It does not go unanswered ..... the Bible clearly said that God was the father of the child, and that He impregnated her without sexual contact, (as she remained a virgin) and sent his Holy Spirit her.

Matthew 1: 18-25

Now the birth of Jesus Christ was as follows: when His mother Mary had been betrothed to Joseph, before they came together she was found to be with child by the Holy Spirit. And Joseph her husband, being a righteous man and not wanting to disgrace her, planned to send her away secretly.
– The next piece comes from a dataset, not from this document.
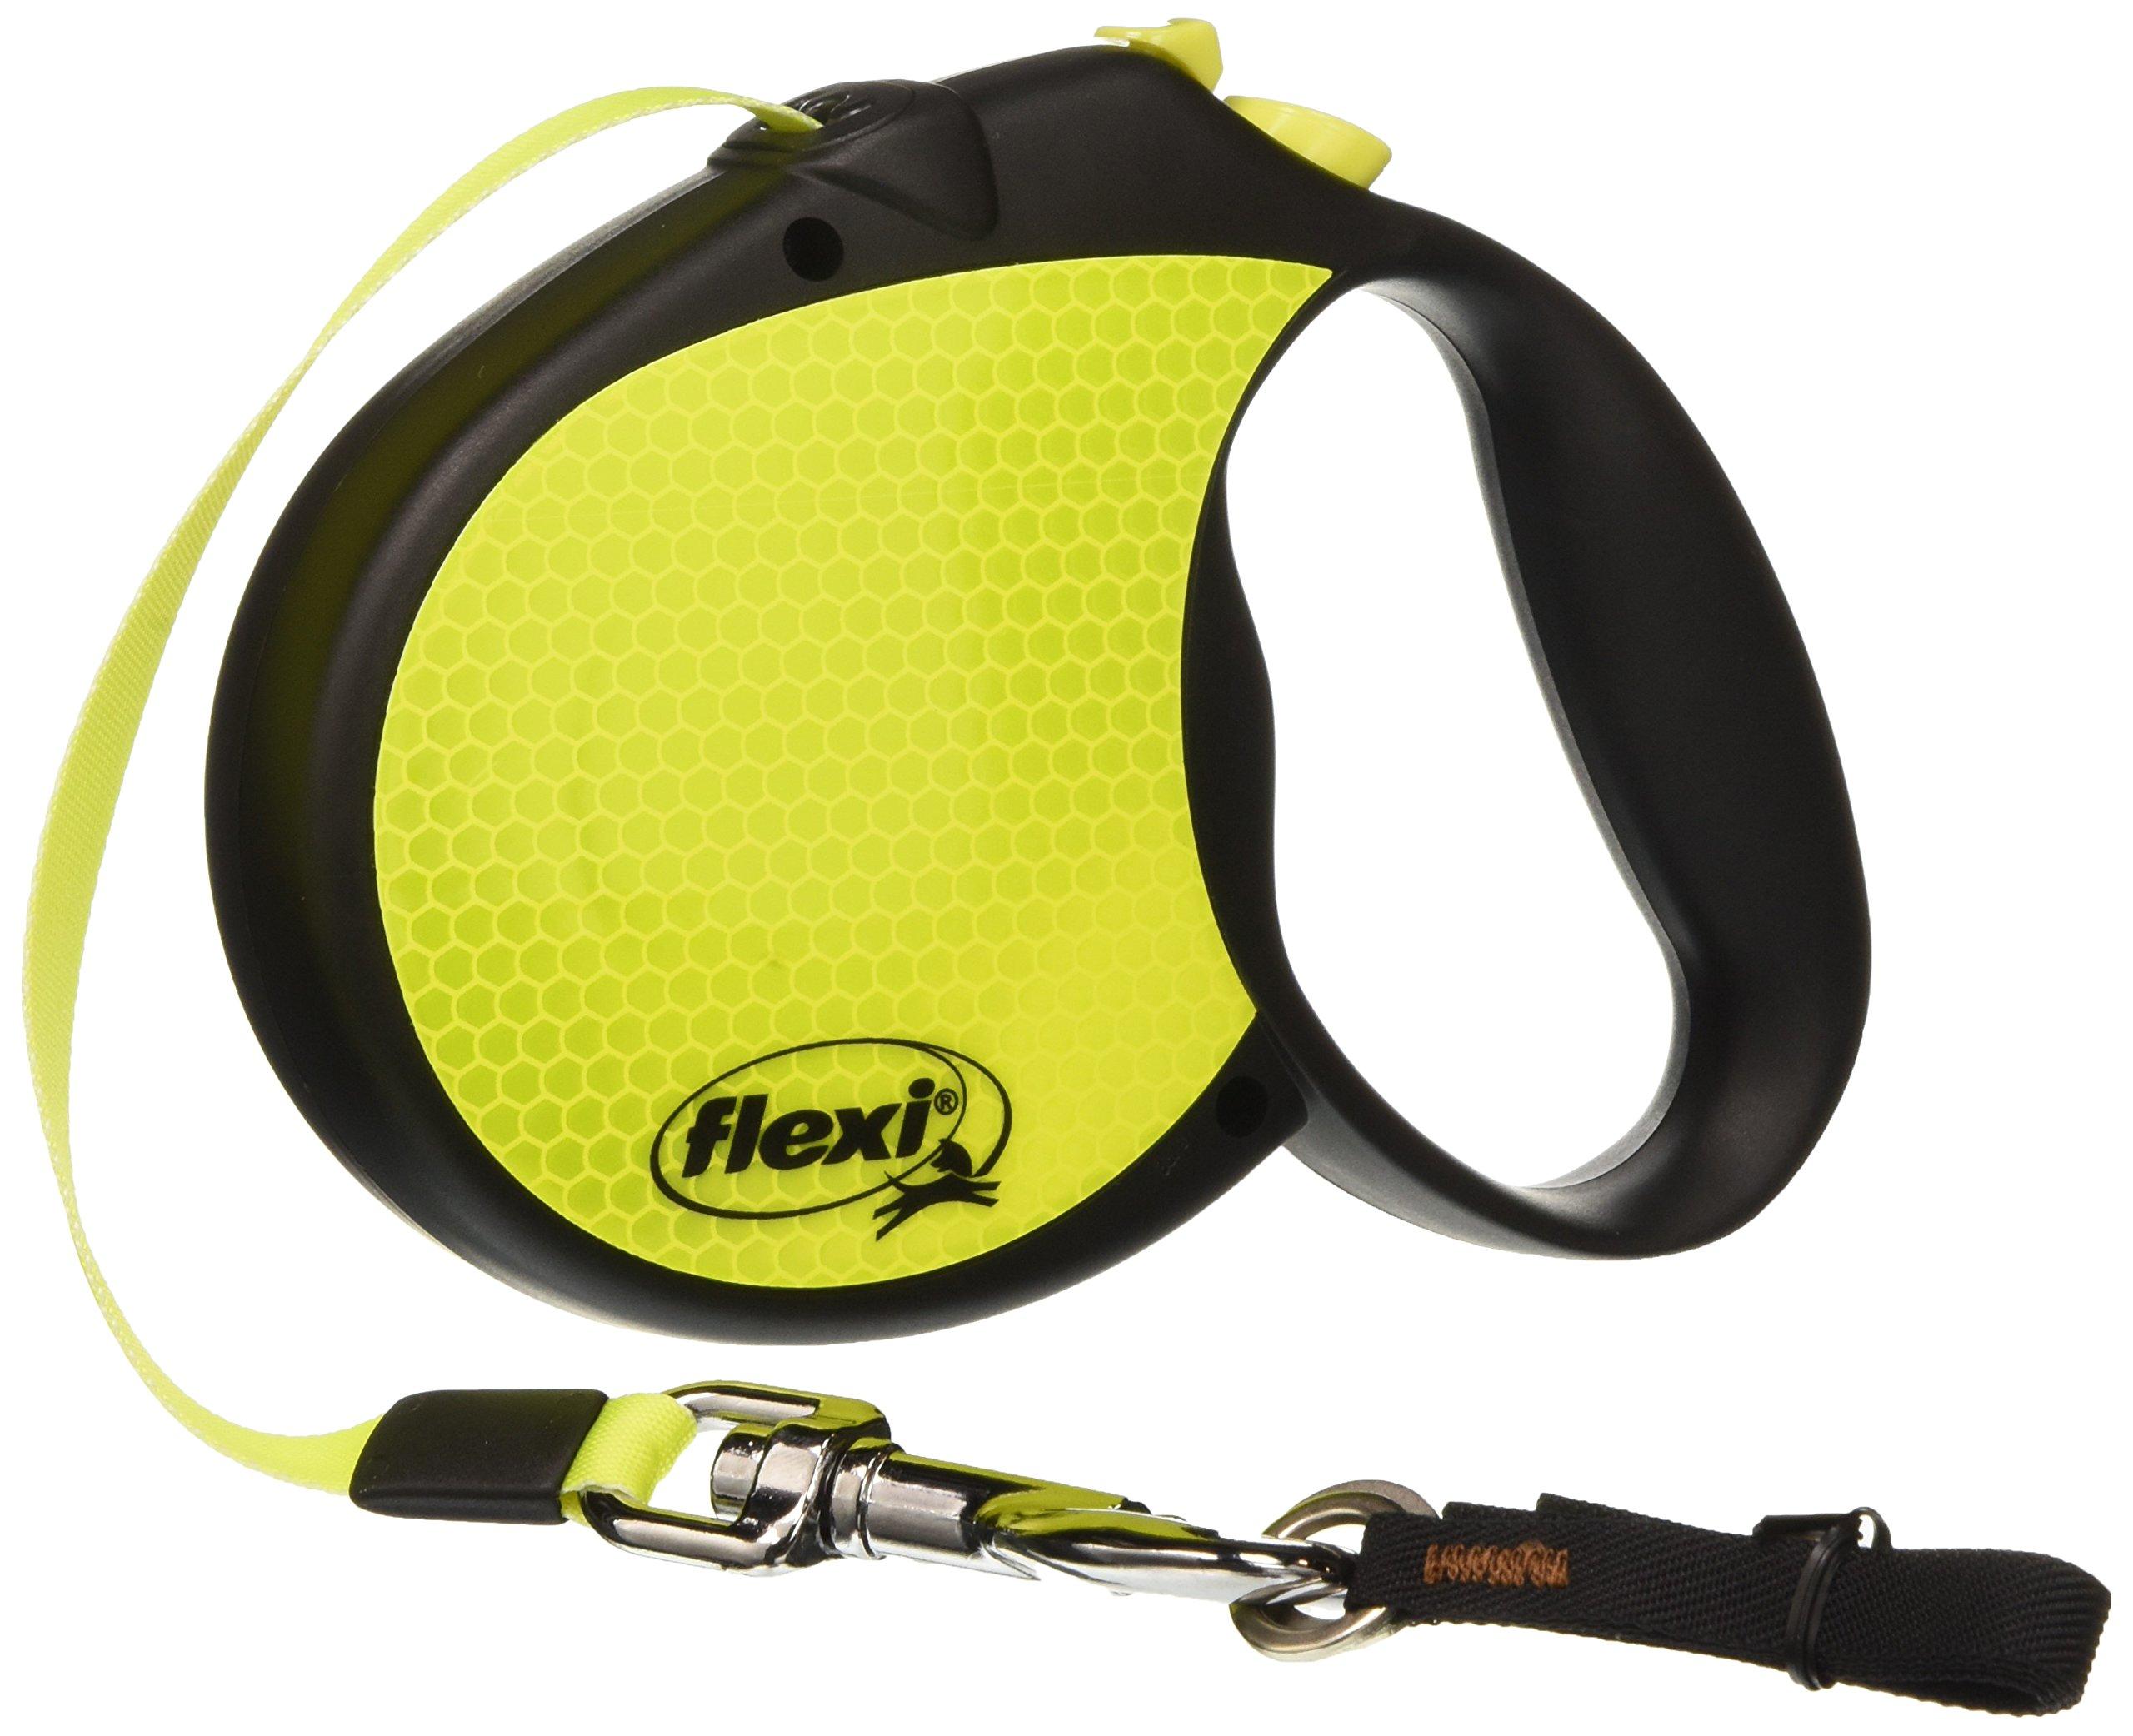 Flexi Neon Retractable Dog Leash (Tape), 16 ft, Large, Black/Neon by Flexi

But when he had considered this, behold, an angel of the Lord appeared to him in a dream, saying, “Joseph, son of David, do not be afraid to take Mary as your wife; for the Child who has been conceived in her is of the Holy Spirit. “She will bear a Son; and you shall call His name Jesus, for He will save His people from their sins.” 22Now all this took place to fulfill what was spoken by the Lord through the prophet: “BEHOLD, THE VIRGIN SHALL BE WITH CHILD AND SHALL BEAR A SON, AND THEY SHALL CALL HIS NAME IMMANUEL,” which translated means, “GOD WITH US.” And Joseph awoke from his sleep and did as the angel of the Lord commanded him, and took Mary as his wife, but kept her a virgin until she gave birth to a Son; and he called His name Jesus.


Micah 6:8; He has shown you, O mortal, what is good. And what does the Lord require of you? To act justly and to love mercy, and to walk humbly with your God.

John 14:19 Jesus said: Because I live, you also will live.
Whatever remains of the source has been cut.